We noted that the SPP WGM can also be found in microcavities made from metal,^48,49 and therefore it was interesting to compare the IM-based and metal-based microcavities. We showed the resonance and sensing parameters (such as resonant wavelength λ_r, Q factors, sensitivities S and figures of merit QS) of the microtube composed of metal (blue symbols in Fig. 3) and compared these with those of the IM microtube (red symbols in Fig. 3). Herein, we adopted the same geometrical parameters (i.e. R = 2000 nm, n_L = 1.33 and t = 240 nm) for the metal-based microcavity to make the comparison fair. The resonant wavelength of the metal-based cavity is located 610 nm under the tube-in-liquid setup. Judging from the resonant behaviour plotted in Fig. 2(e), the magnetic field intensity |H_z|² does not easily enter into the tube wall and almost all of the evanescent waves are distributed into the water outside the tube wall. As a result, for the hollow-tube-in-liquid and tube-in-liquid setups, the sensitivity S can be almost equal to S_max [see Fig. 3(b)]. However, for the liquid-in-tube setup, the sensitivity S tends to zero because no field can enter the core of the metal microtube. Moreover, from Fig. 3(c) we find that the Q factor of metal microtubes is very low, which can also be attributed to the fact that very few field components can penetrate the tube wall. On the other hand, we find from Fig. 2(c) that the magnetic field intensity of the IM-SPP tubular cavity exponentially decays from the edge of the tube wall to both sides, which provides both a high sensitivity S and a high Q factor. As a result, although the microtube made from metal has a higher sensitivity S, its figure of merit QS is much lower than that of the IM microtube [see Fig. 3(d)].

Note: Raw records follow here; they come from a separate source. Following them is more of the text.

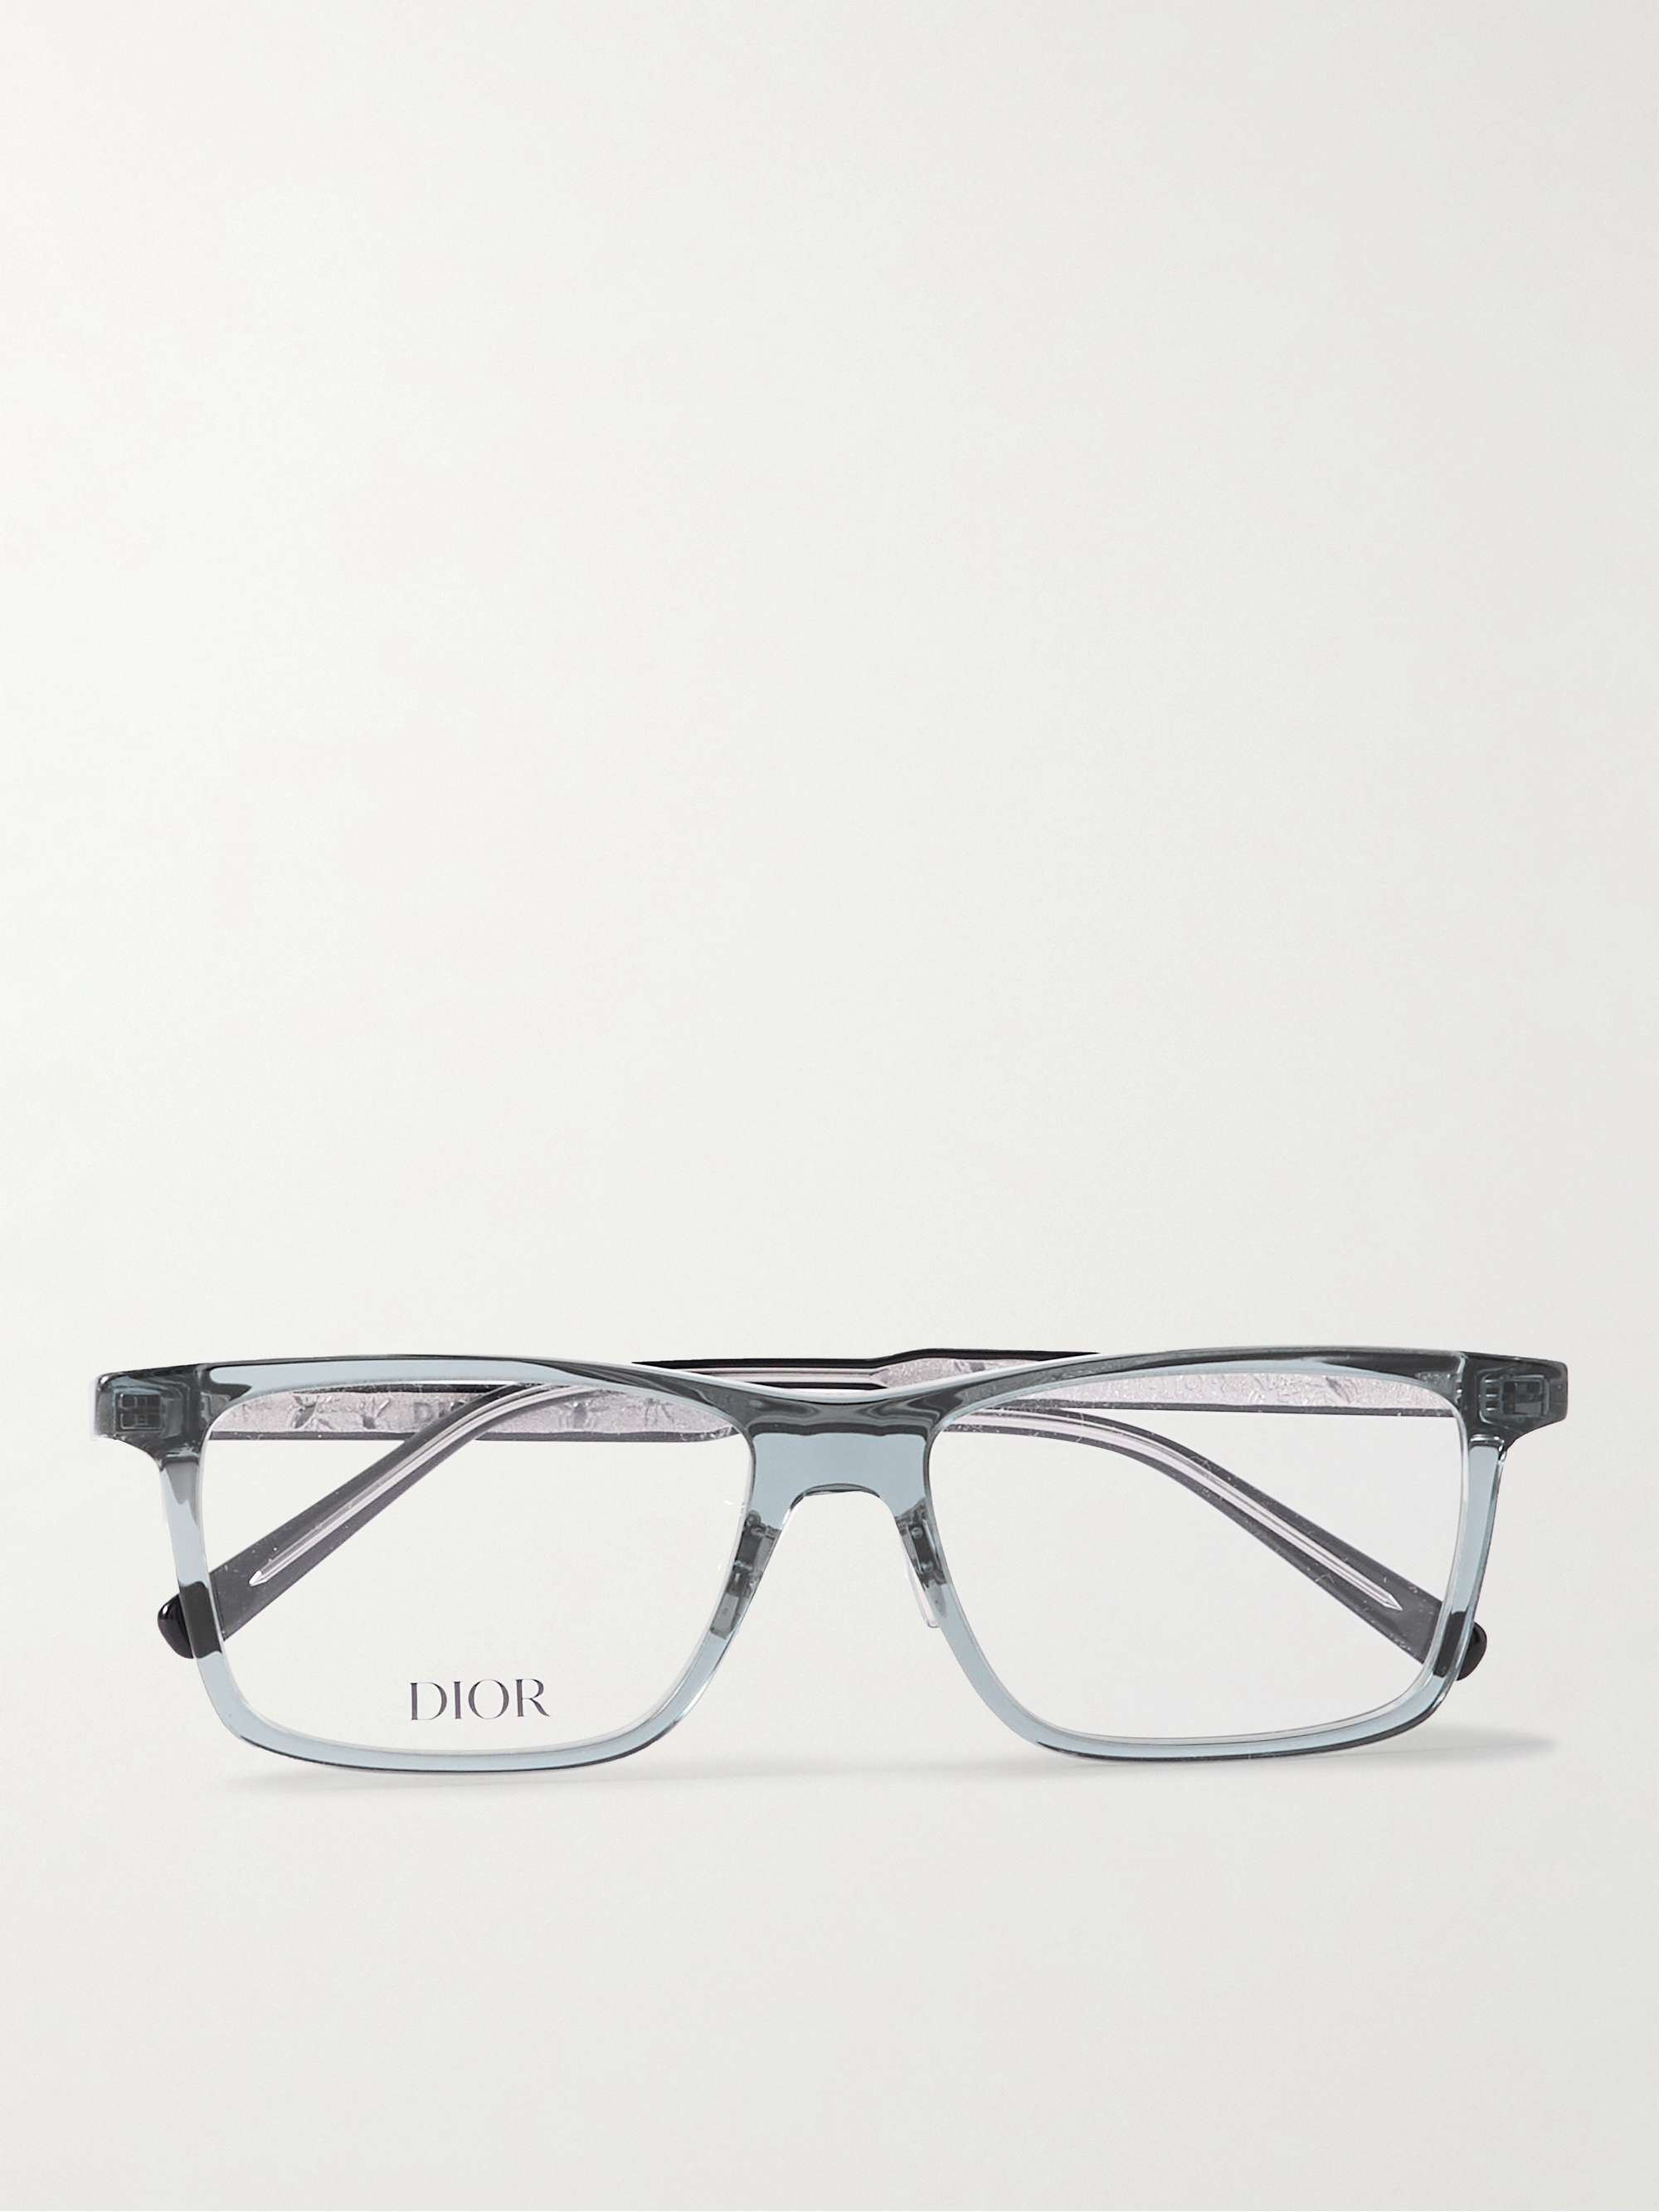 Christian Dior Diortechnicityo8 Eyeglasses Frame Mens Full Rim Rectangular   EyeSpecscom
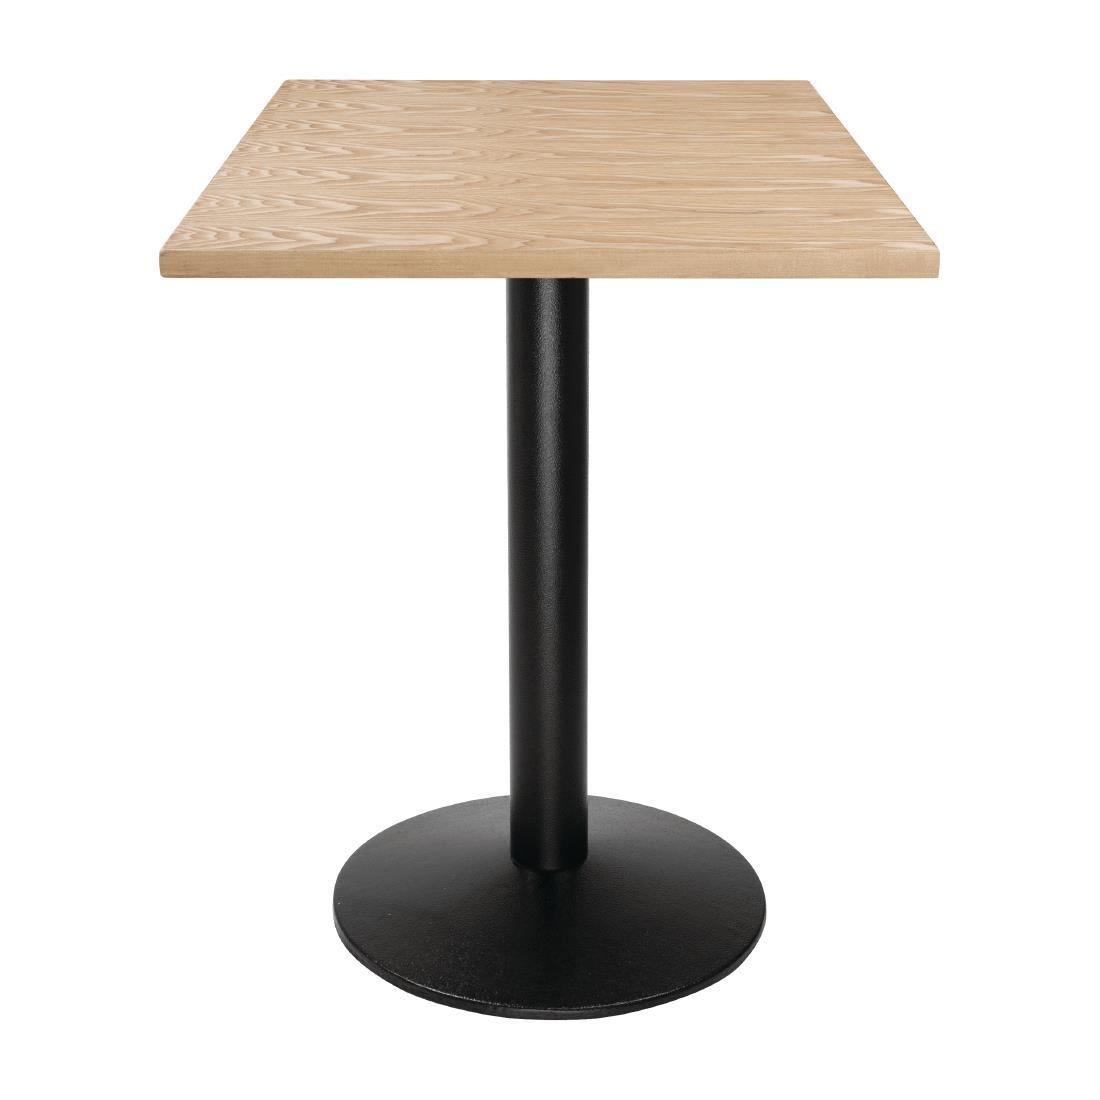 Bolero Pre-drilled Square Table Top Natural Ash Veneer 700mm - DY717  - 5
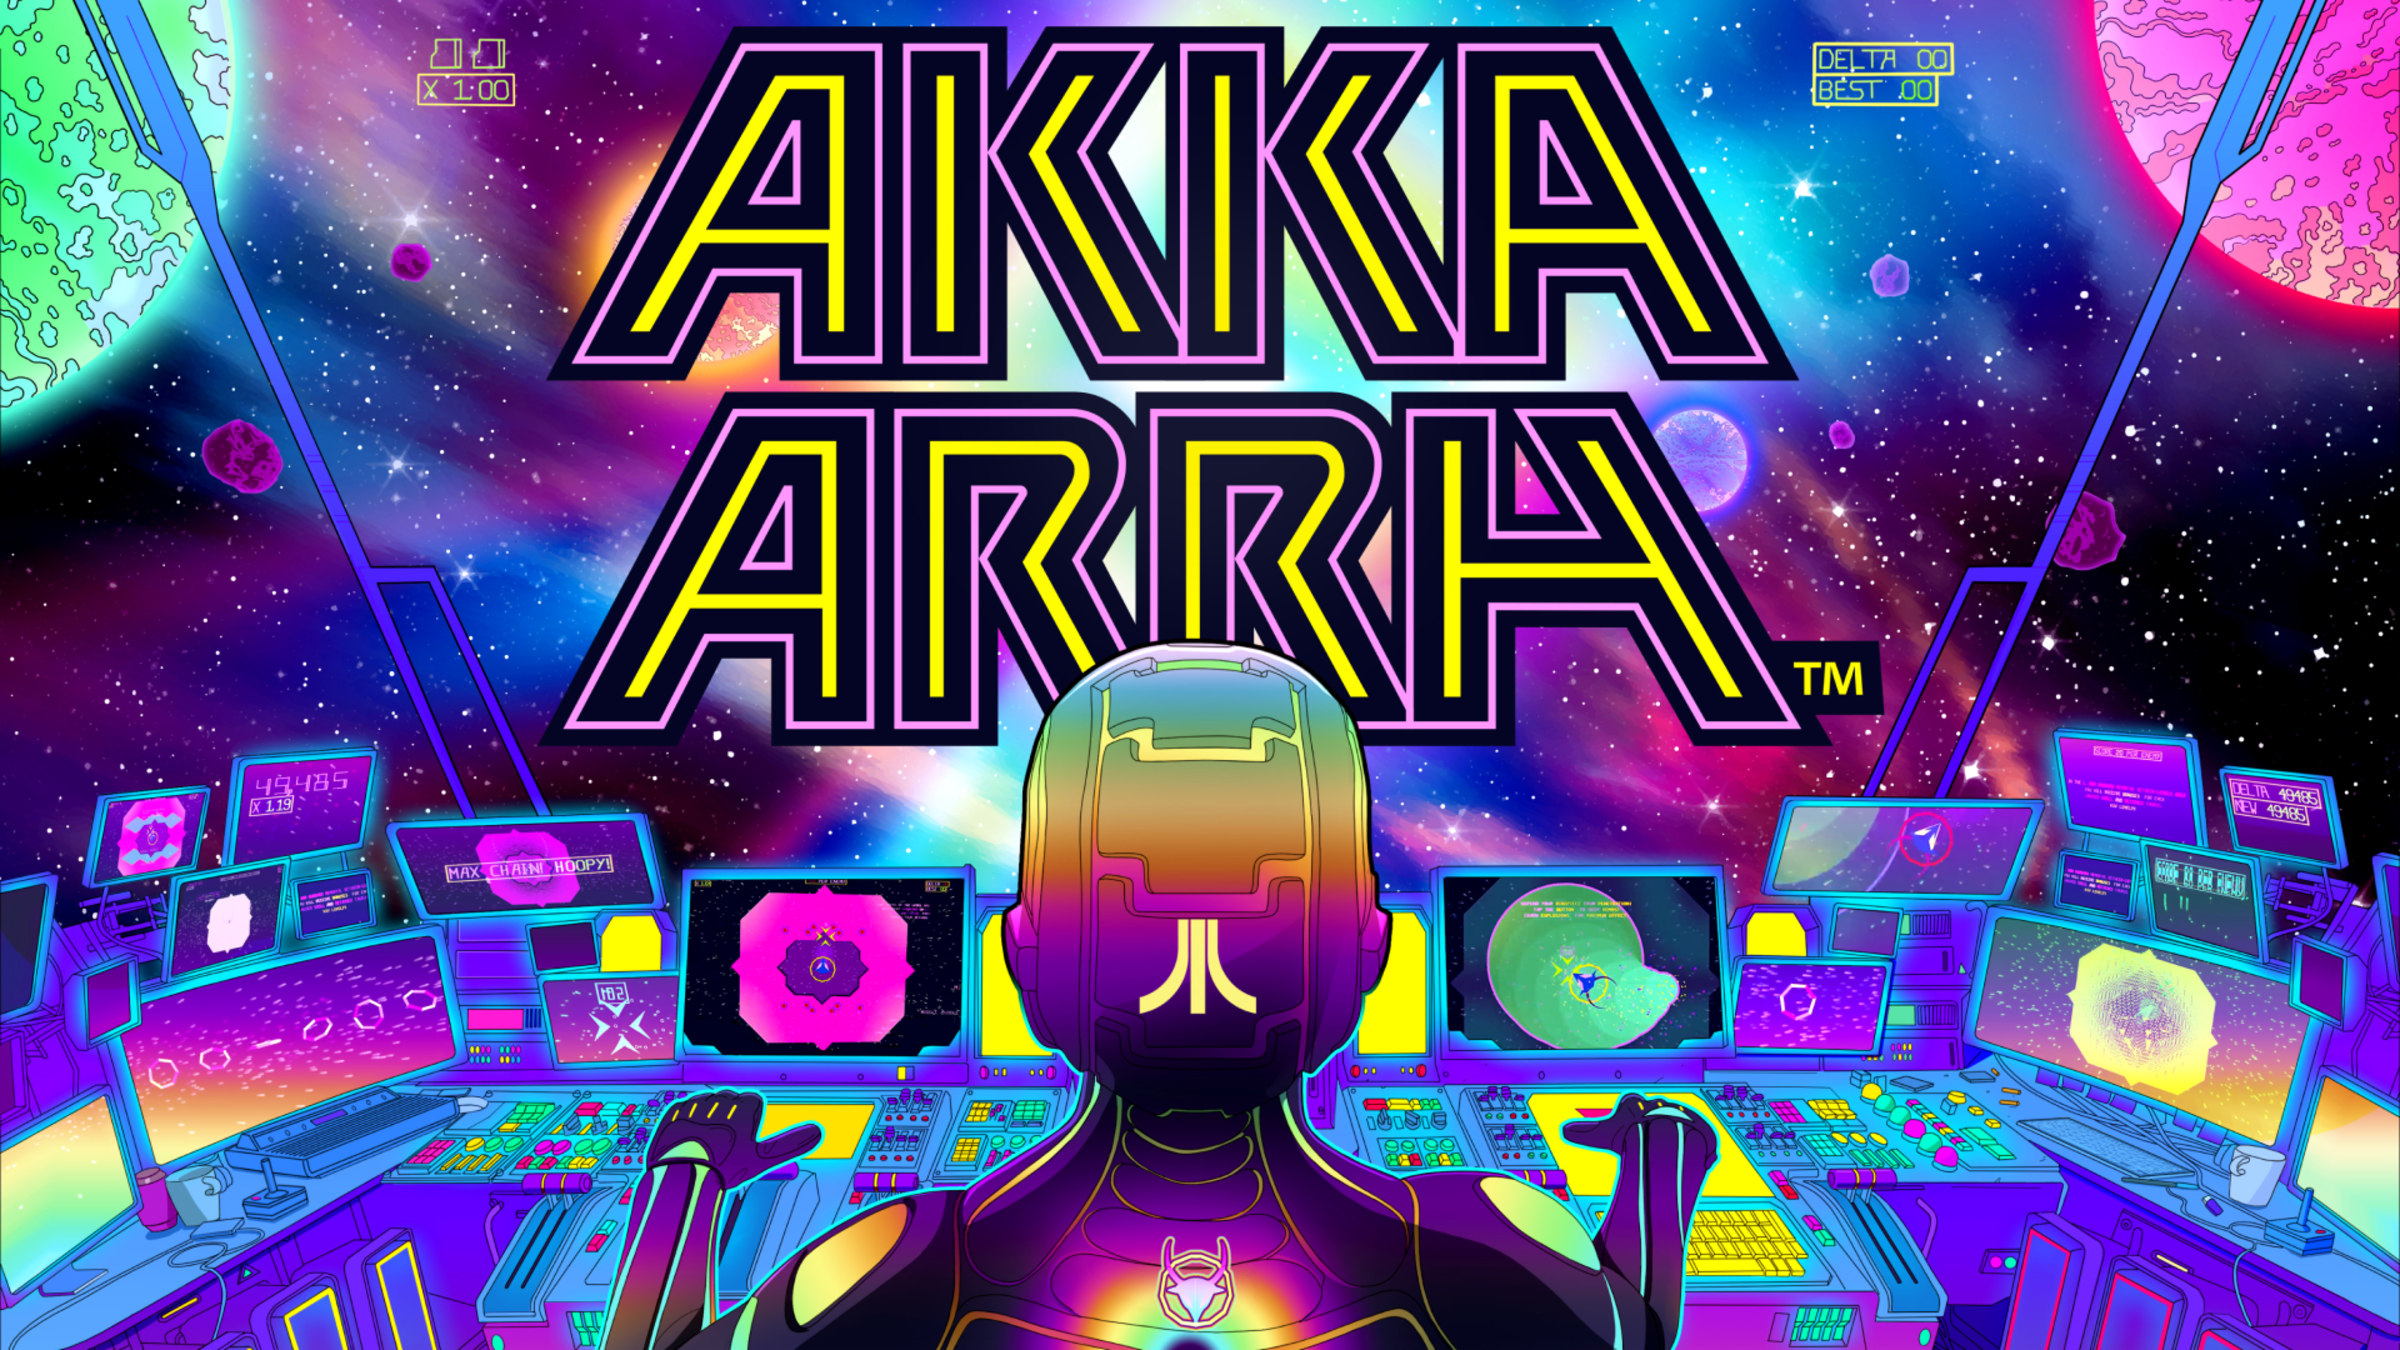 Akka Arrh Xbox Version Full Game Setup Free Download

Fig. 3 (a) Resonant wavelength λ_r, (b) Q-factors, (c) sensitivities S = dλ_r/dn_L and (d) figures of merit QS for the m = 30 resonant modes of the microtubes made from IM-SPP with absorption (red symbols) and metal (blue symbols). All three setups in Fig. 1(c), (d) and (e) are shown with different symbols: tube-in-liquid (dotted line), liquid-in-tube (solid line) and hollow-tube-in-liquid (circles).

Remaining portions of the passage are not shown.